_What is expected_
Wherever a picture sits, omit it. Output the rest of the listing exactly.

_Recorded data_
_ _ _ _ _ _ _

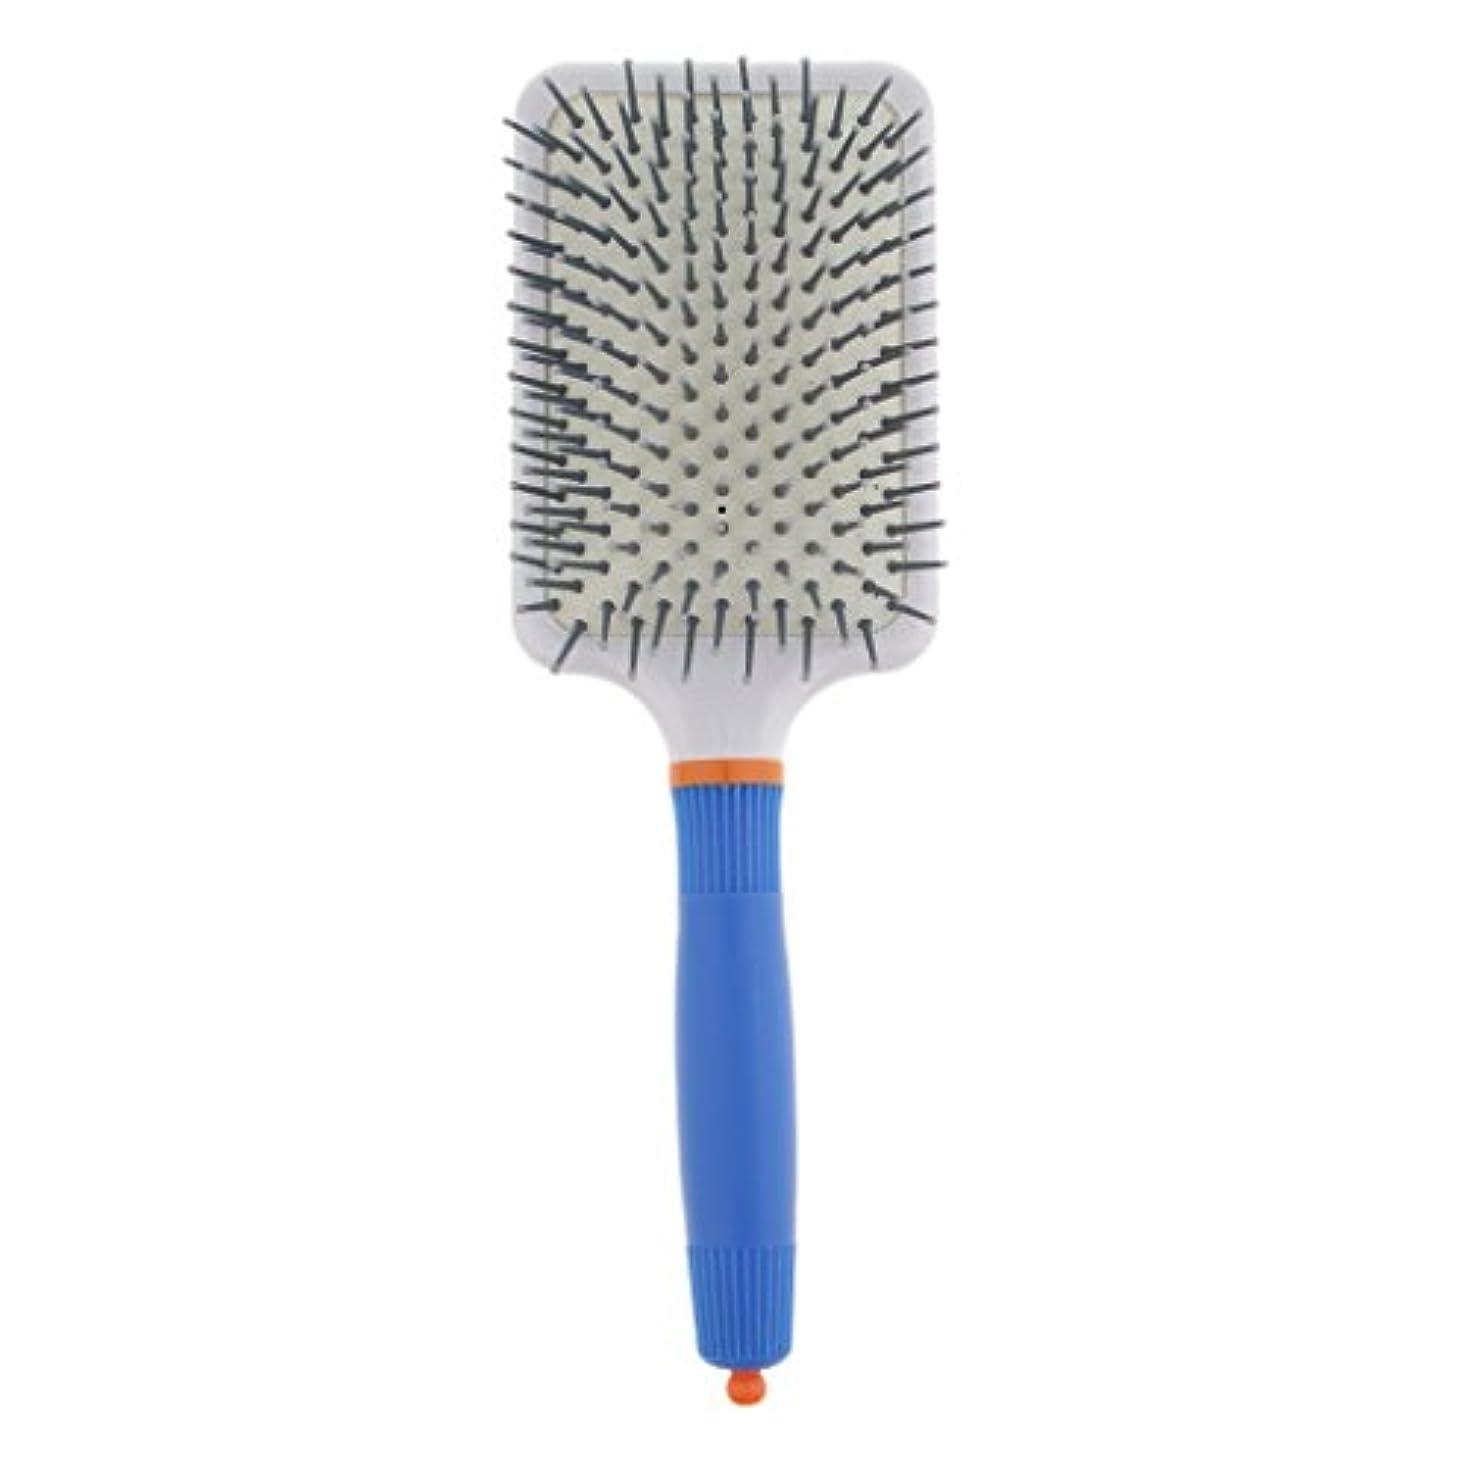 シャープミット錫プラスチック製 ブラシ 頭皮マッサージブラシ フラットヘアブラシ 櫛 静電気防止 全2色 - ダークブルー
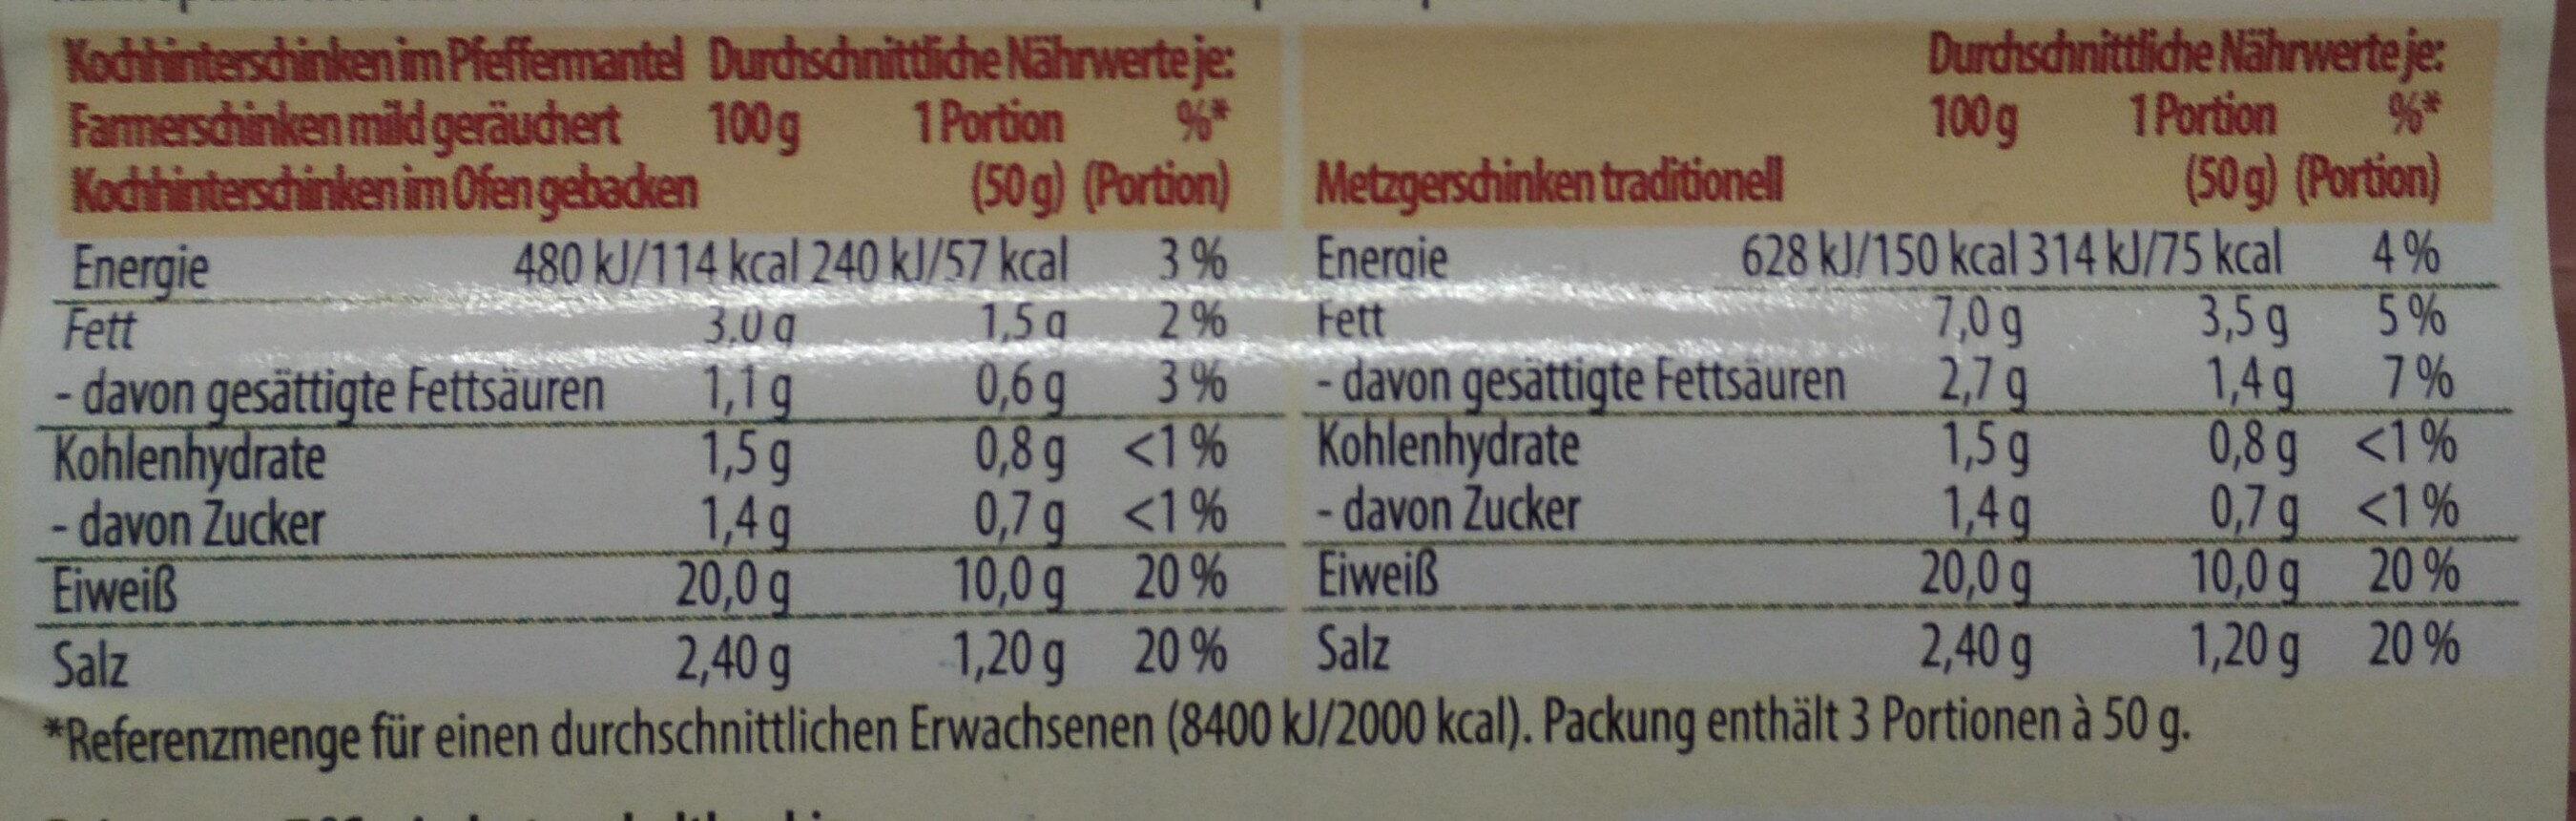 Gourmet Schinkenplatte - Voedingswaarden
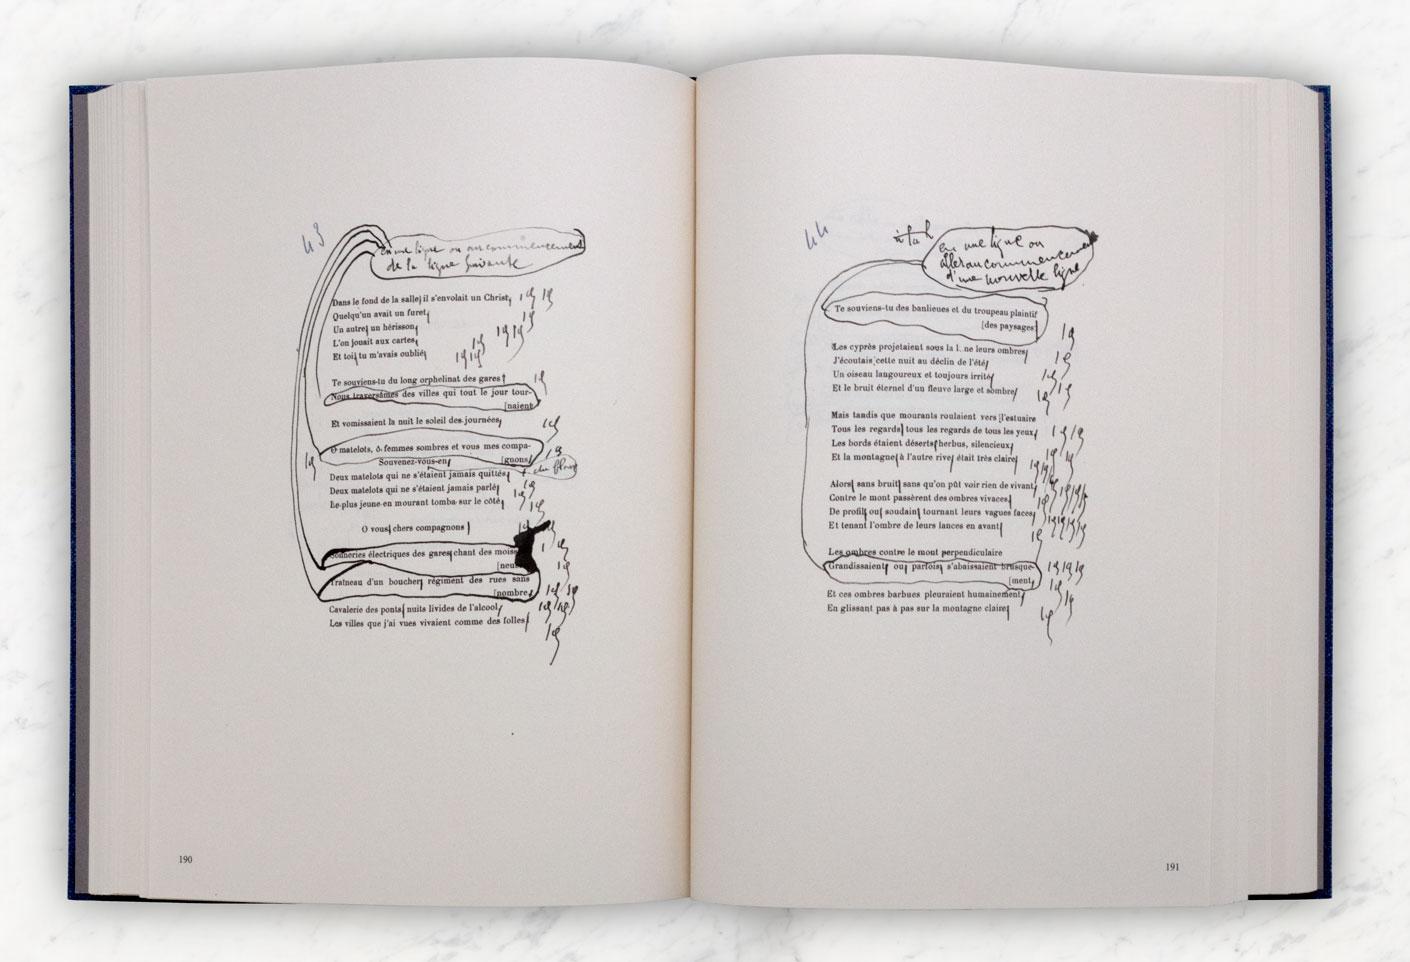 Livre facsimile Alcools de Guillaume Apollinaire

_ _ _ _ _ _ _

_Answer area_
 シャープミット錫プラスチック製 ブラシ 頭皮マッサージブラシ フラットヘアブラシ 櫛 静電気防止 全2色 - ダークブルー
 Gourmet Schinkenplatte - Voedingswaarden
 Livre facsimile Alcools de Guillaume Apollinaire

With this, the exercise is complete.